SECTION 6.2. WINDING UP. Upon dissolution of the LLC the same Persons
who are entitled to wind up the Member under the Parent LLC Agreement shall wind
up the LLC's affairs.
SECTION 6.3. LIQUIDATING DISTRIBUTIONS. Following the dissolution of
the LLC, the assets of the LLC shall be applied to satisfy claims of creditors
and distributed to the Member in liquidation as provided in the Act, by the
Persons charged with winding up the affairs of the LLC.
ARTICLE VII
BOOKS AND RECORDS
SECTION 7.1. BOOKS AND RECORDS. The LLC shall keep books and records at
its principal place of business, which shall set forth an accurate account of
all transactions of the LLC and which shall enable the LLC to comply with the
requirement under Section 1.6 above that it segregate and account for its assets
and liabilities separately from those of the Member and of its Subsidiaries.
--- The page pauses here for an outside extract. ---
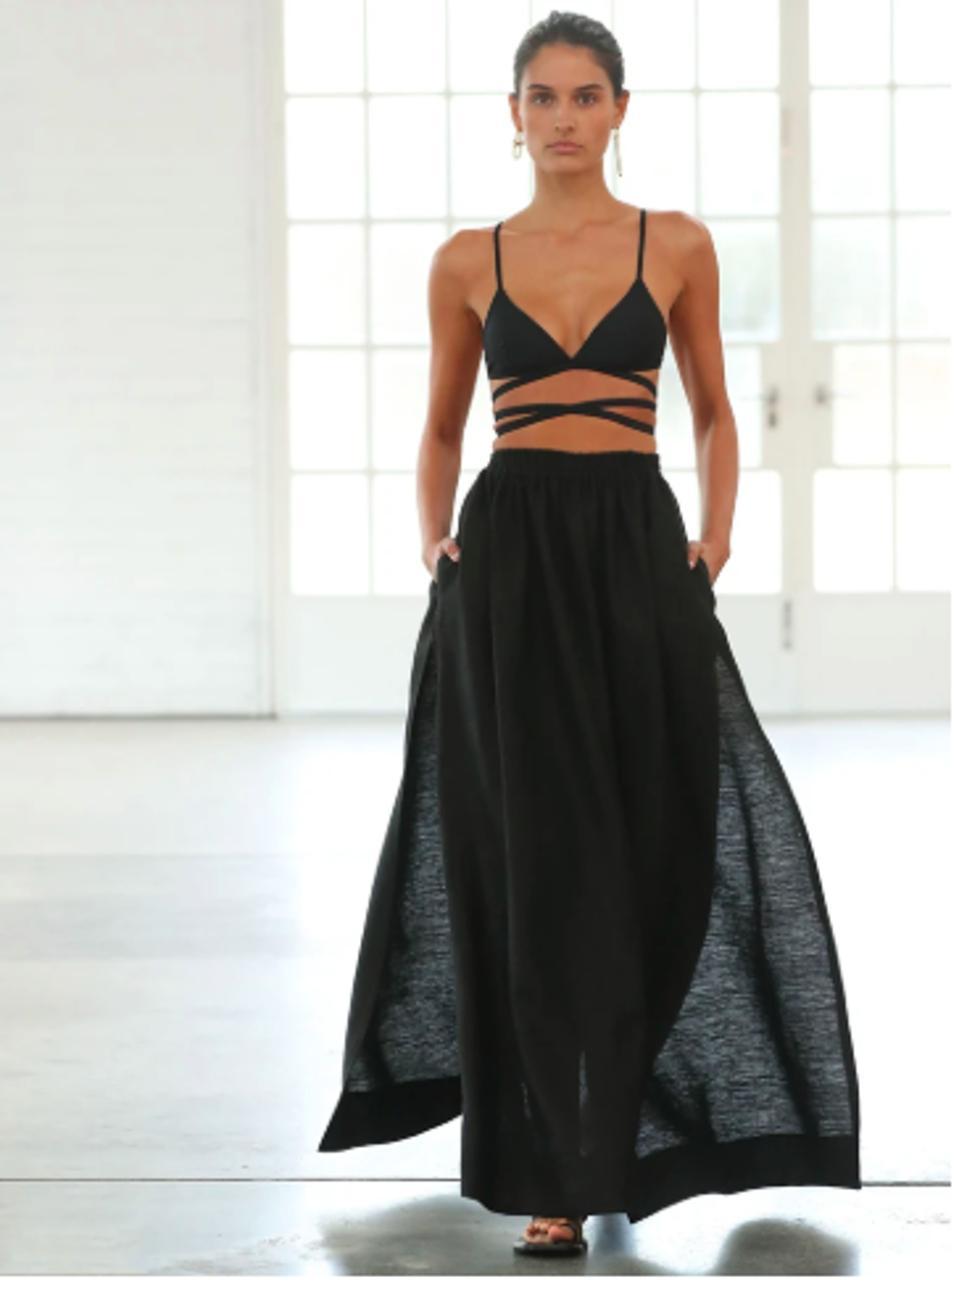 Black triangle wrap bikini top and full skirt by Matteau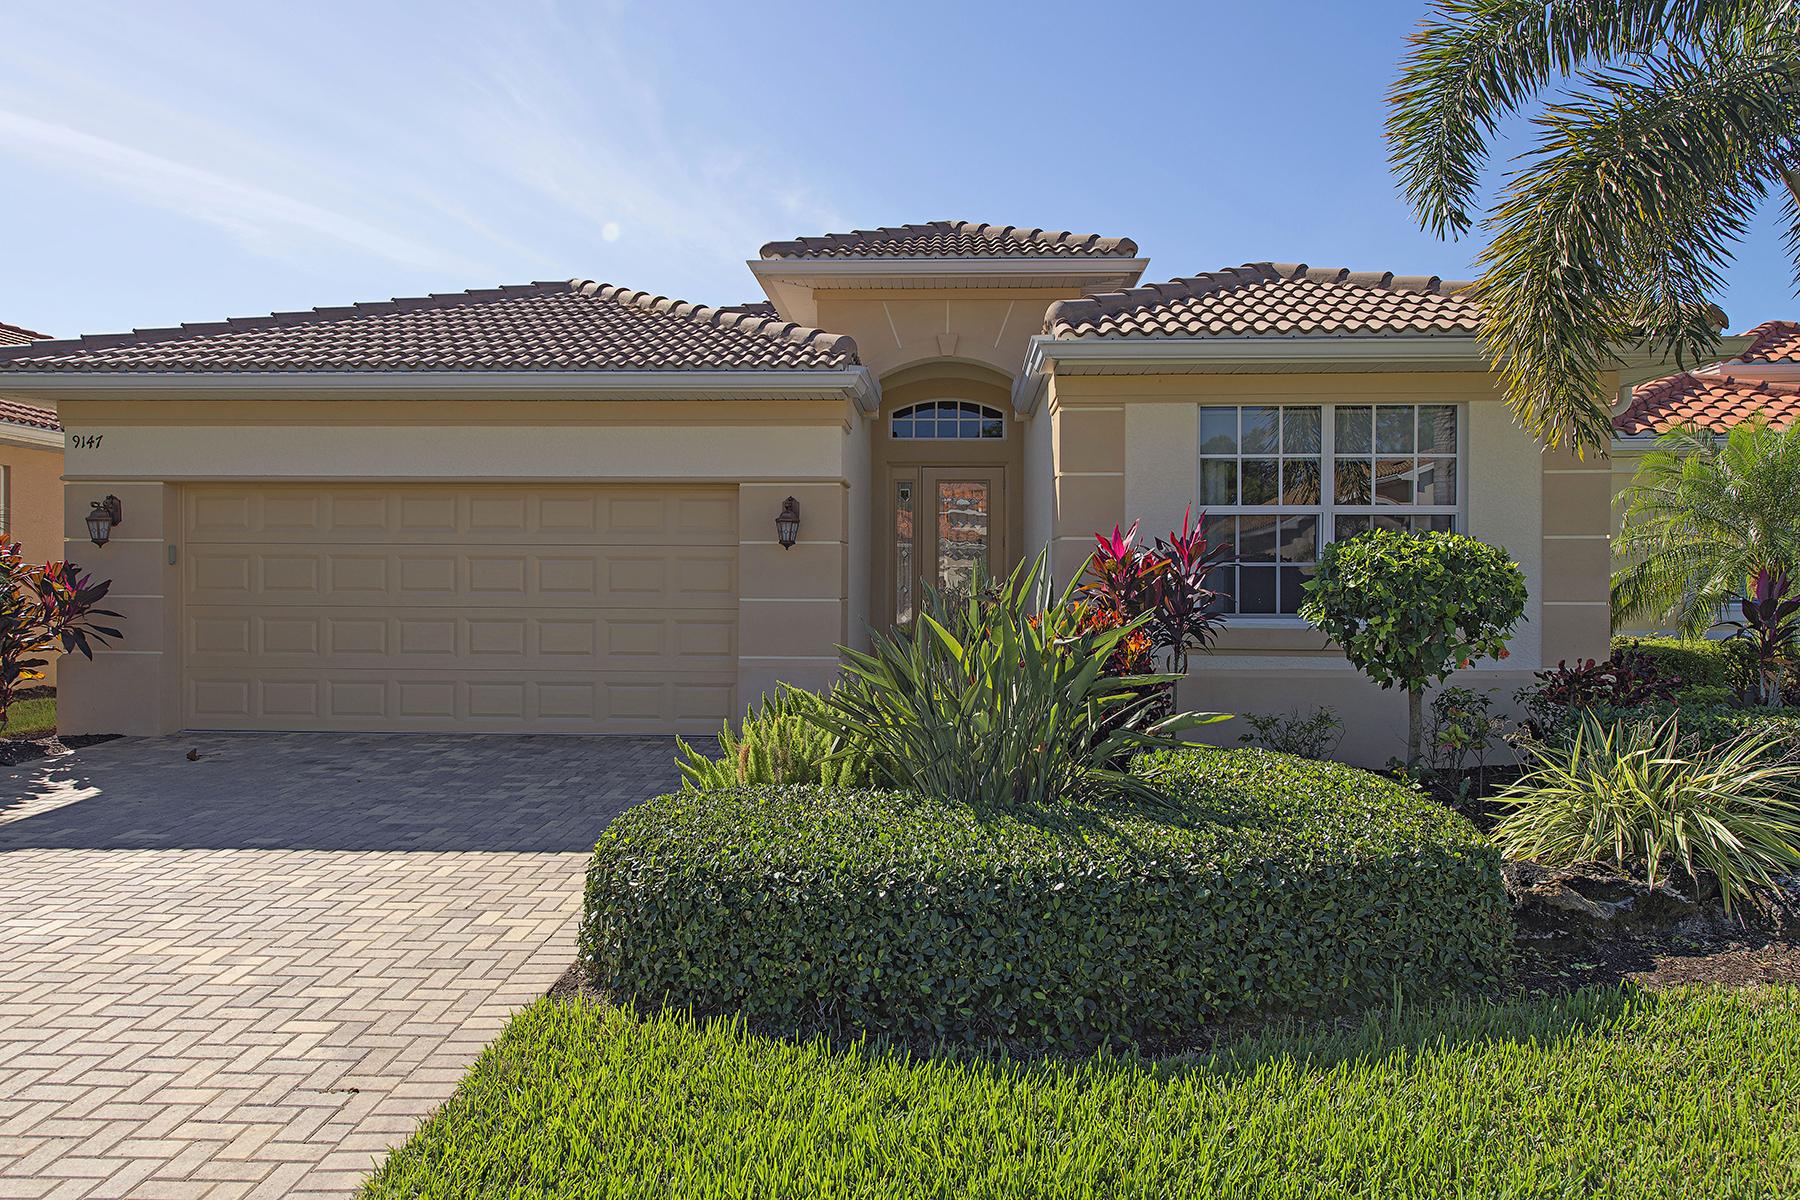 Single Family Home for Sale at THE RESERVE AT ESTERO 9147 Astonia Way Estero, Florida, 33967 United States

The
LLC shall prepare financial statements at least annually, which shall include at
least a balance sheet and income statement prepared in accordance with GAAP,
which financial statements need not be audited, except in connection with any
audit that the Member or the LLC's ultimate parent entity may obtain.
ARTICLE VIII
MISCELLANEOUS
SECTION 8.1. BINDING EFFECT. Except as otherwise provided in this
Agreement, every covenant, term, and provision of this Agreement shall be
binding upon and inure to the benefit of the Members and their successors,
transferees, and assigns.
SECTION 8.2. CONSTRUCTION. Every covenant, term and provision of this
Agreement shall be construed simply according to its fair meaning and not
strictly for or against any
5
9
Member. No provision of this Agreement is to be interpreted as a penalty upon,
or a forfeiture by, any party to this Agreement.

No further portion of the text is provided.